Archive for September, 2008
Saturday, September 27th, 2008
John Russell asked:
Hormone replacement therapy (HRT) is an appropriate choice for some, but not all, women. On the benefit side, hormone replacement therapy (HRT) relieves hot flashes, night sweats, vaginal dryness, and it may improve sleep, mood, and concentration. But there are also risks with hormone replacement therapy (HRT), including higher rates of breast cancer, stroke, blood clots in the legs and lungs, and (for older women) coronary heart disease. Moderate to severe symptoms, which affect about one in five newly menopausal women, are the only compelling reason to take hormone replacement therapy (HRT).
Evidence indicates that a woman’s age and time since menopause (on average at the age of 51 in the US), along with her personal health status, influence the risk-benefit balance. The best candidate for hormone replacement therapy (HRT) is a younger, recently menopausal woman, one whose final menstrual period occurred less than five years earlier, who isn’t at high risk of heart disease, stroke, or blood clots.
To minimize risks, take the lowest dose of hormone replacement therapy (HRT) needed to make your hot flashes or night sweats tolerable. Low-dose preparations often provide relief comparable to standard-dose preparations. Hormone replacement therapy (HRT) is best used for only 2-3 years and generally no more than 5 years. Hot flashes and night sweats often peak in the first few years after the final menstrual period and then taper off, so most women won’t need hormone replacement therapy (HRT) for long-term relief.

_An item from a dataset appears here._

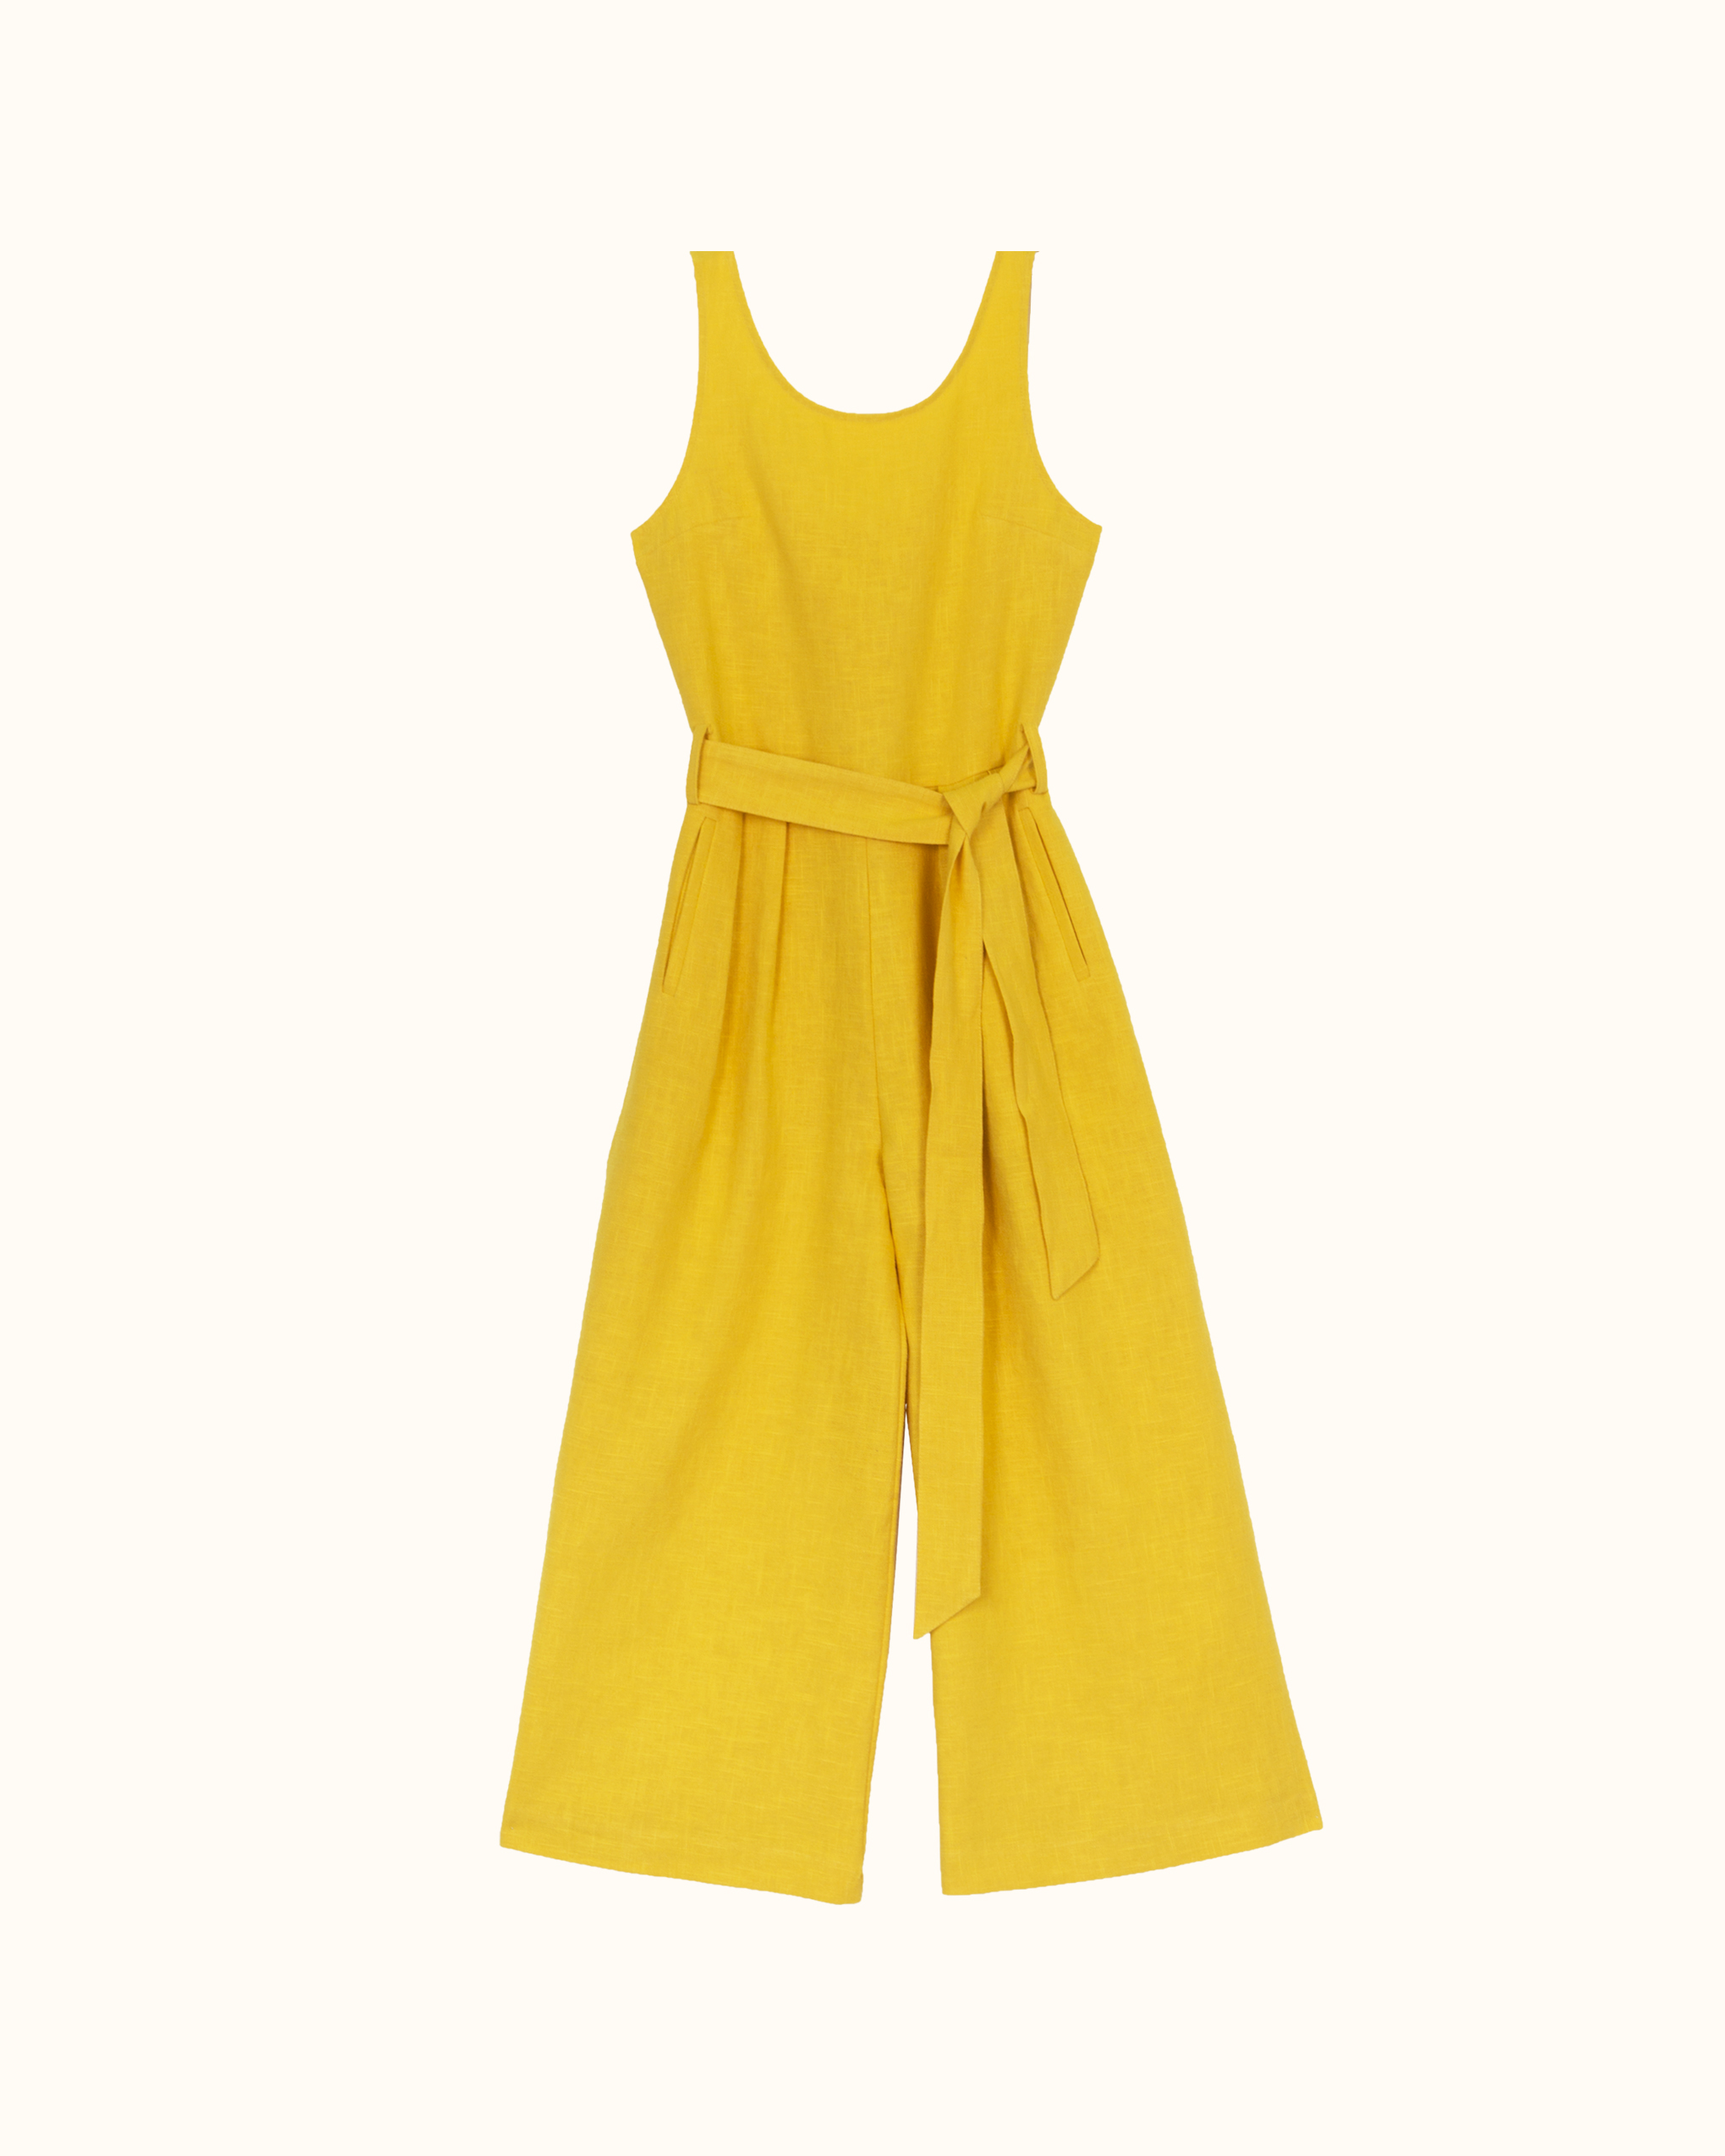 A yellow sleeveless scoop back linen jumpsuit.

Hormone replacement therapy (HRT) is not the only way to cool hot flashes. Layered clothing, portable fans, exercise, and paced respiration or other relaxation techniques can be very helpful, as can avoiding cigarettes, caffeine, alcohol, and spicy foods. Alternatives to hormone replacement therapy (HRT) are soy, some botanicals, certain antidepressants, and the antiseizure medication gabapentin may be beneficial for some women. All women should try at least some of these strategies before considering hormone replacement therapy (HRT).
Hormone replacement therapy (HRT) has long been the medical standard, however, hormone replacement therapy (HRT) is now questionable to side effects.
Please share the content of these articles with your friends, family and colleagues. Reprint rights granted. All reprints must include a link to www.ihdistribution.com. Content may not be altered and articles must be used as distributed by IH Distribution, LLC
Copyright © IH Distribution LLC 2004
Jayden
Hormone replacement therapy (HRT) is an appropriate choice for some, but not all, women. On the benefit side, hormone replacement therapy (HRT) relieves hot flashes, night sweats, vaginal dryness, and it may improve sleep, mood, and concentration. But there are also risks with hormone replacement therapy (HRT), including higher rates of breast cancer, stroke, blood clots in the legs and lungs, and (for older women) coronary heart disease. Moderate to severe symptoms, which affect about one in five newly menopausal women, are the only compelling reason to take hormone replacement therapy (HRT).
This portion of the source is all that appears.